------ Raw data

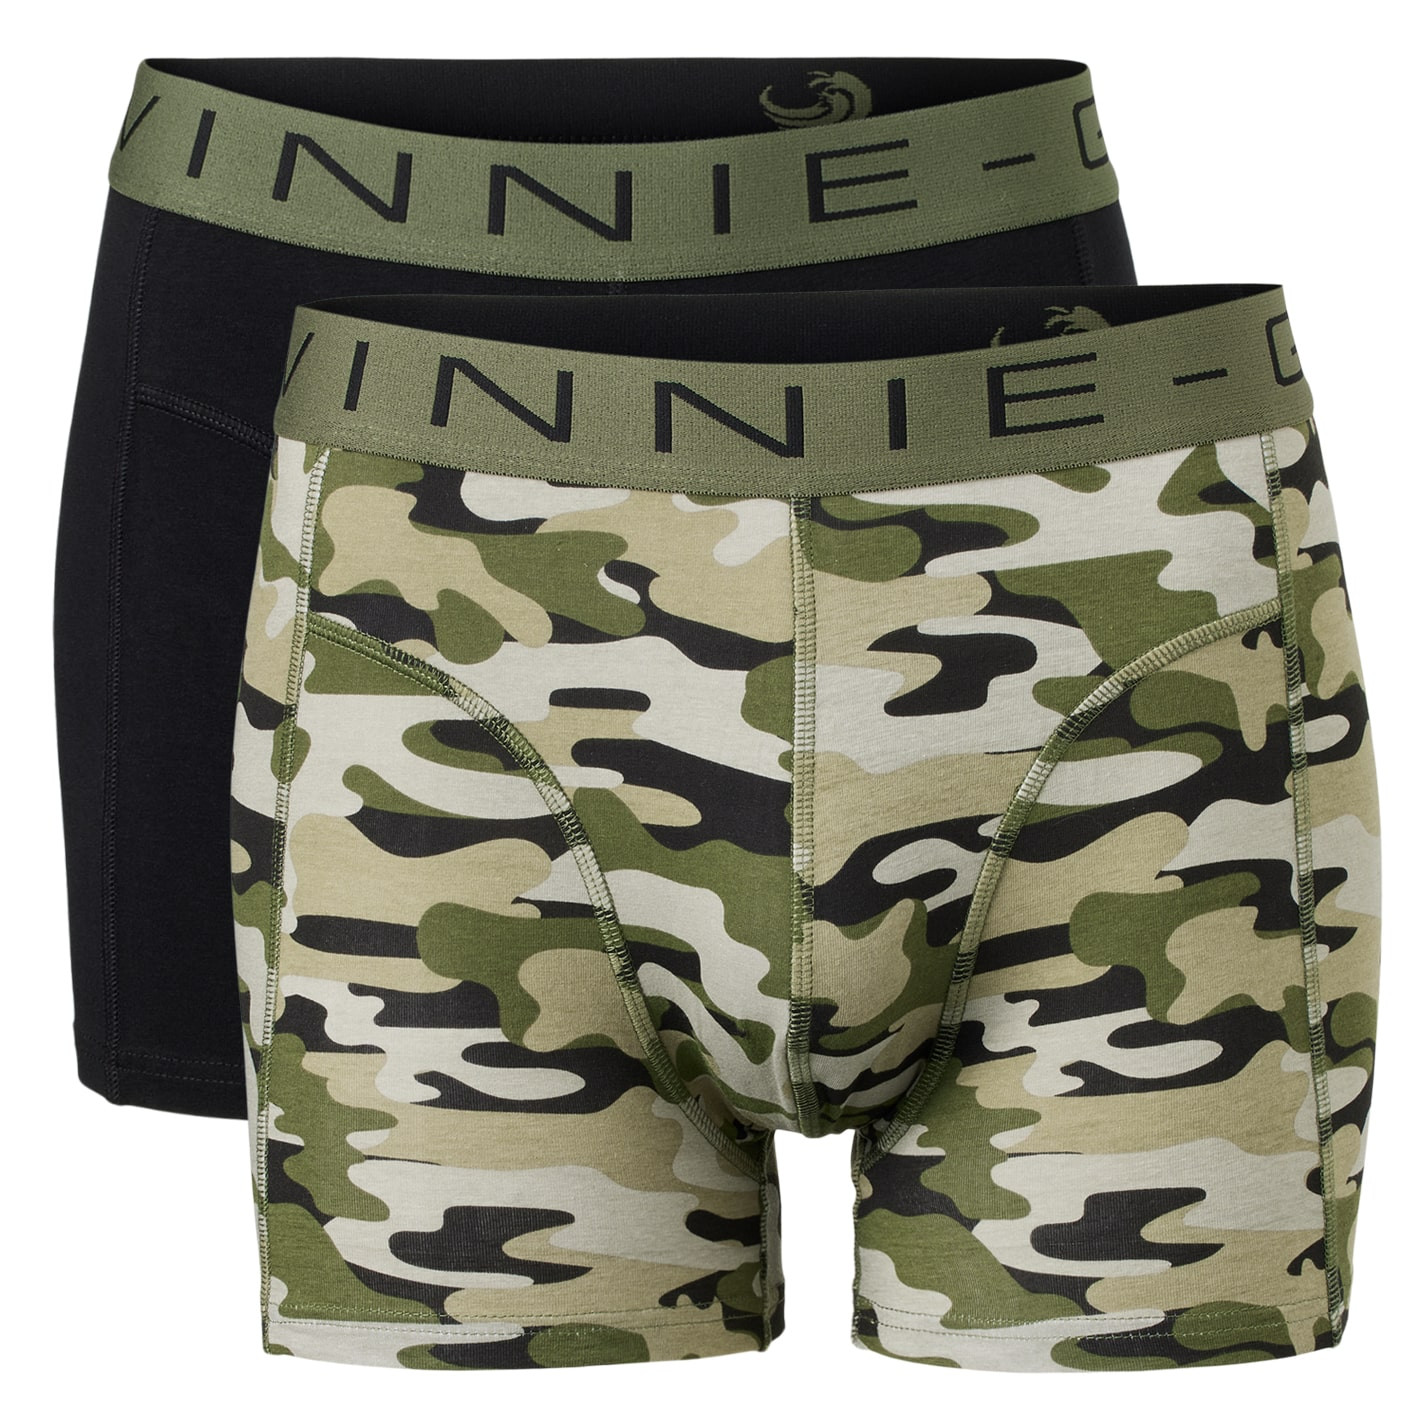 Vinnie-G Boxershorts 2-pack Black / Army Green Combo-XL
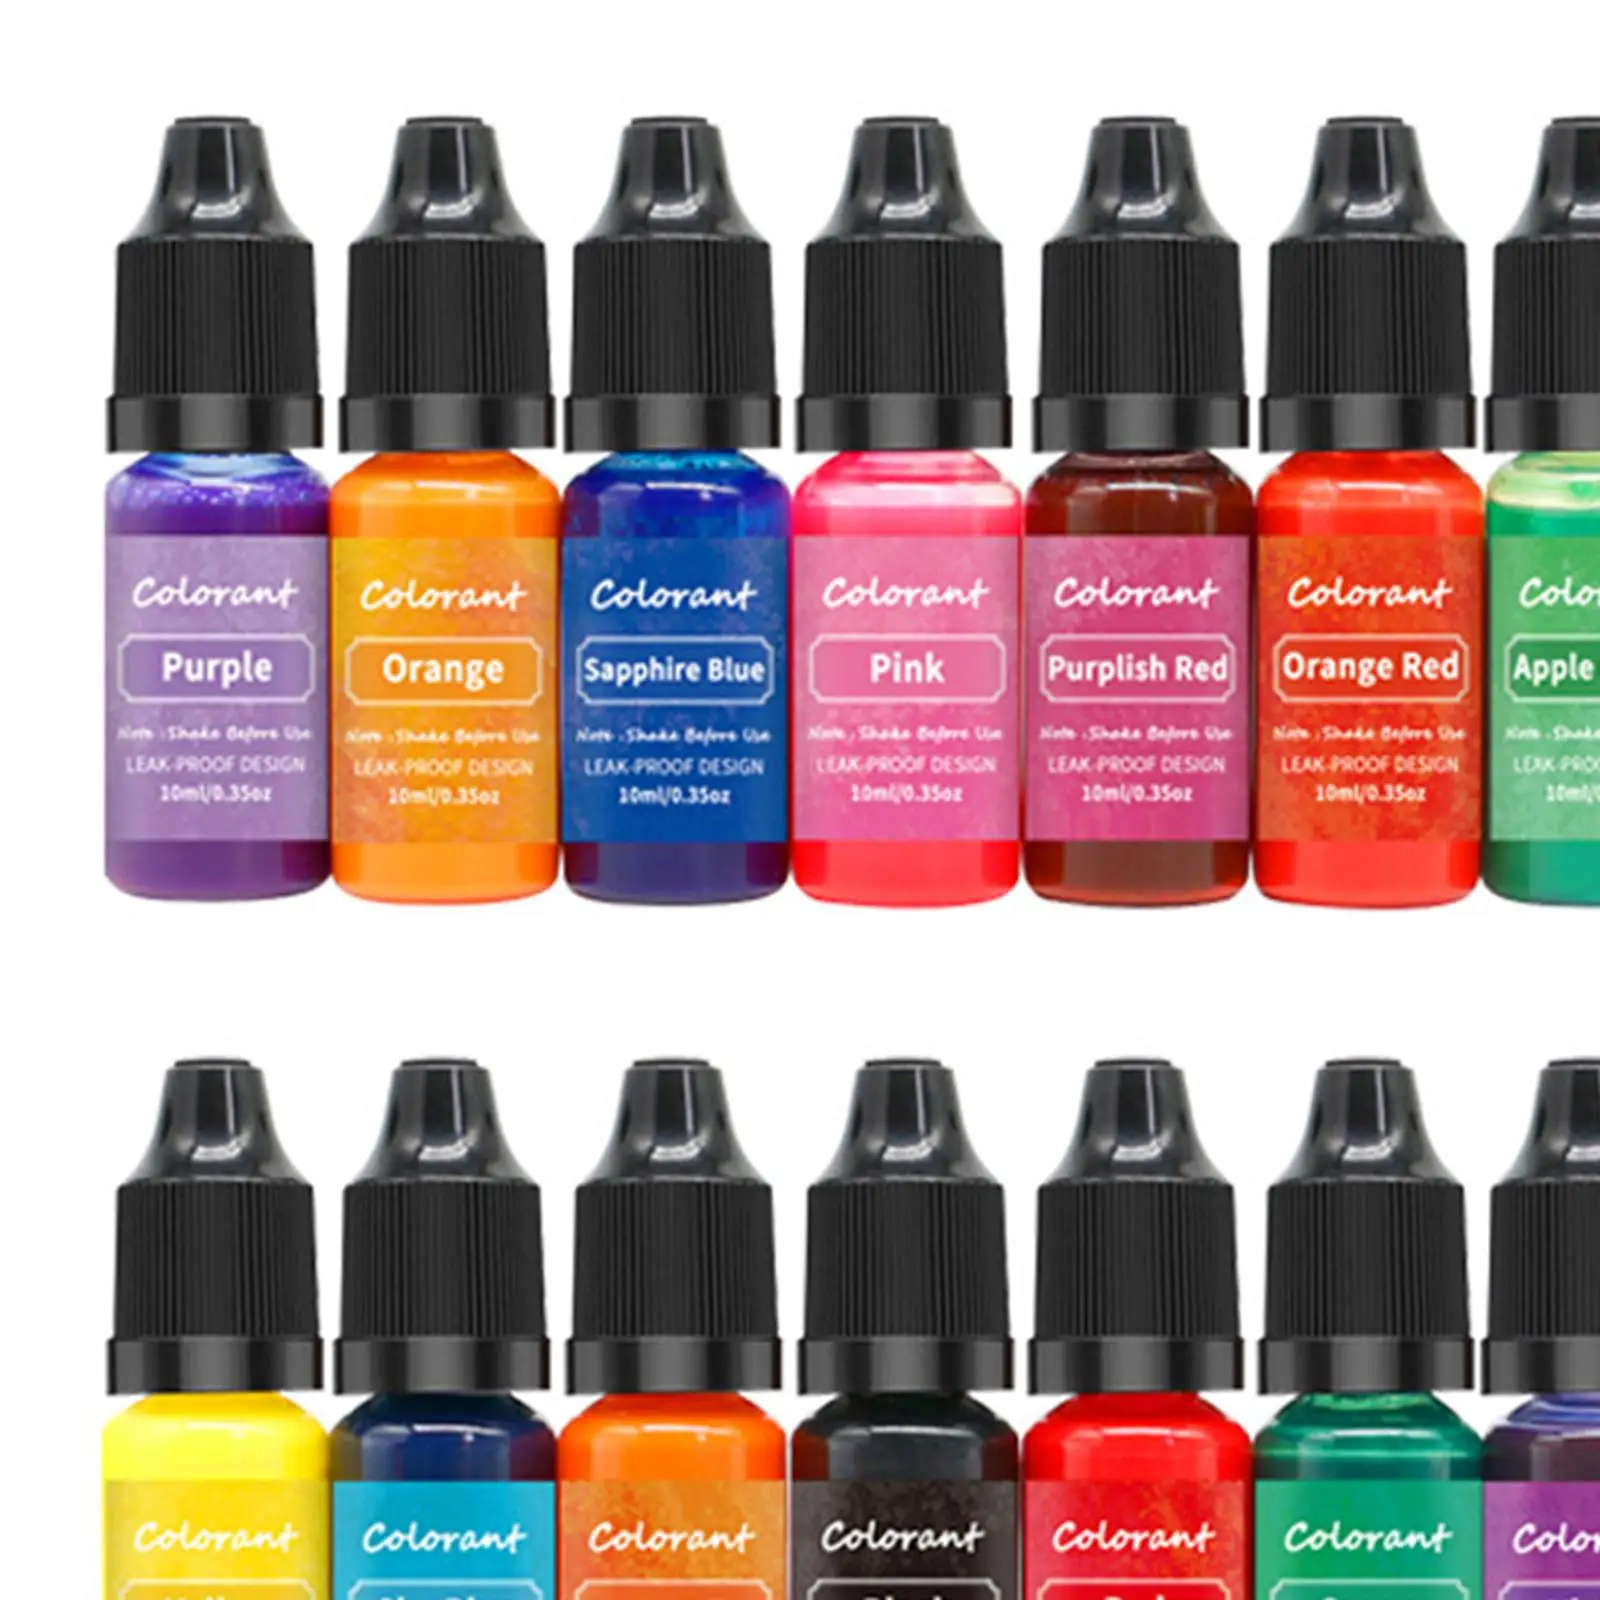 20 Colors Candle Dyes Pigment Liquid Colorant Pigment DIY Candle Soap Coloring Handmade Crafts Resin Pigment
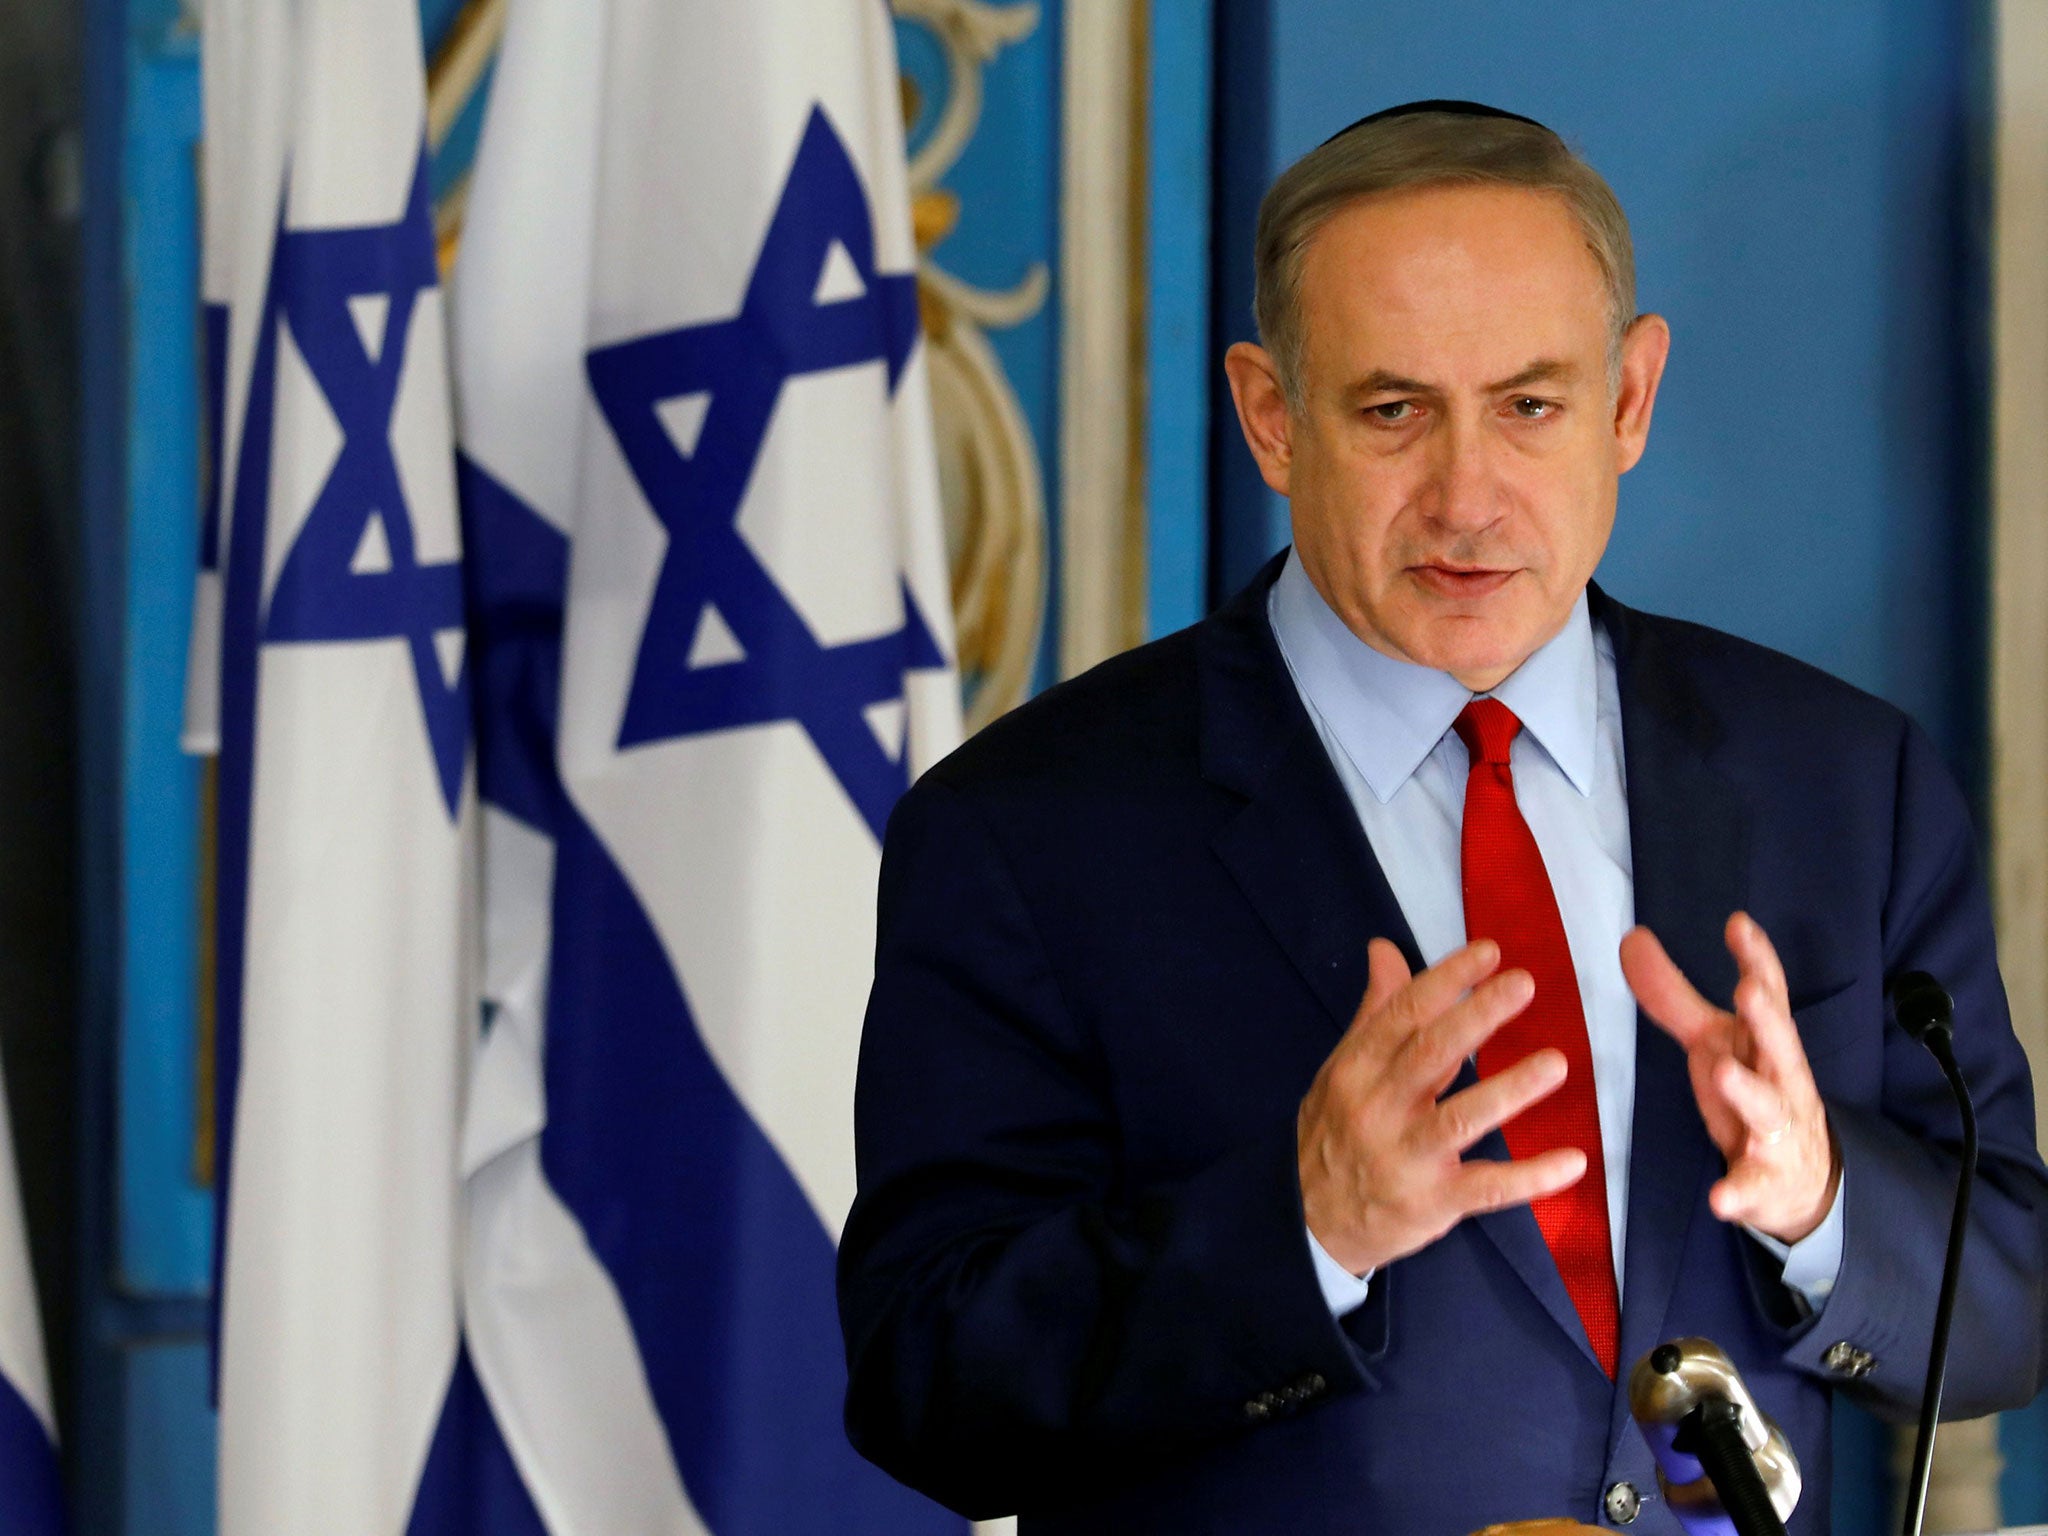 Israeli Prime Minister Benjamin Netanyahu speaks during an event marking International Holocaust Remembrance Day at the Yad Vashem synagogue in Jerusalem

------------

What needs to be done:
Return the full material word for word. Do not include the pictures.

Exercise answer:
 Vinnie-G Boxershorts 2-pack Black / Army Green Combo-XL
 20 Colors Candle Dyes Pigment Liquid Colorant Pigment DIY Candle Soap Coloring Handmade Crafts Resin Pigment
 Israeli Prime Minister Benjamin Netanyahu speaks during an event marking International Holocaust Remembrance Day at the Yad Vashem synagogue in Jerusalem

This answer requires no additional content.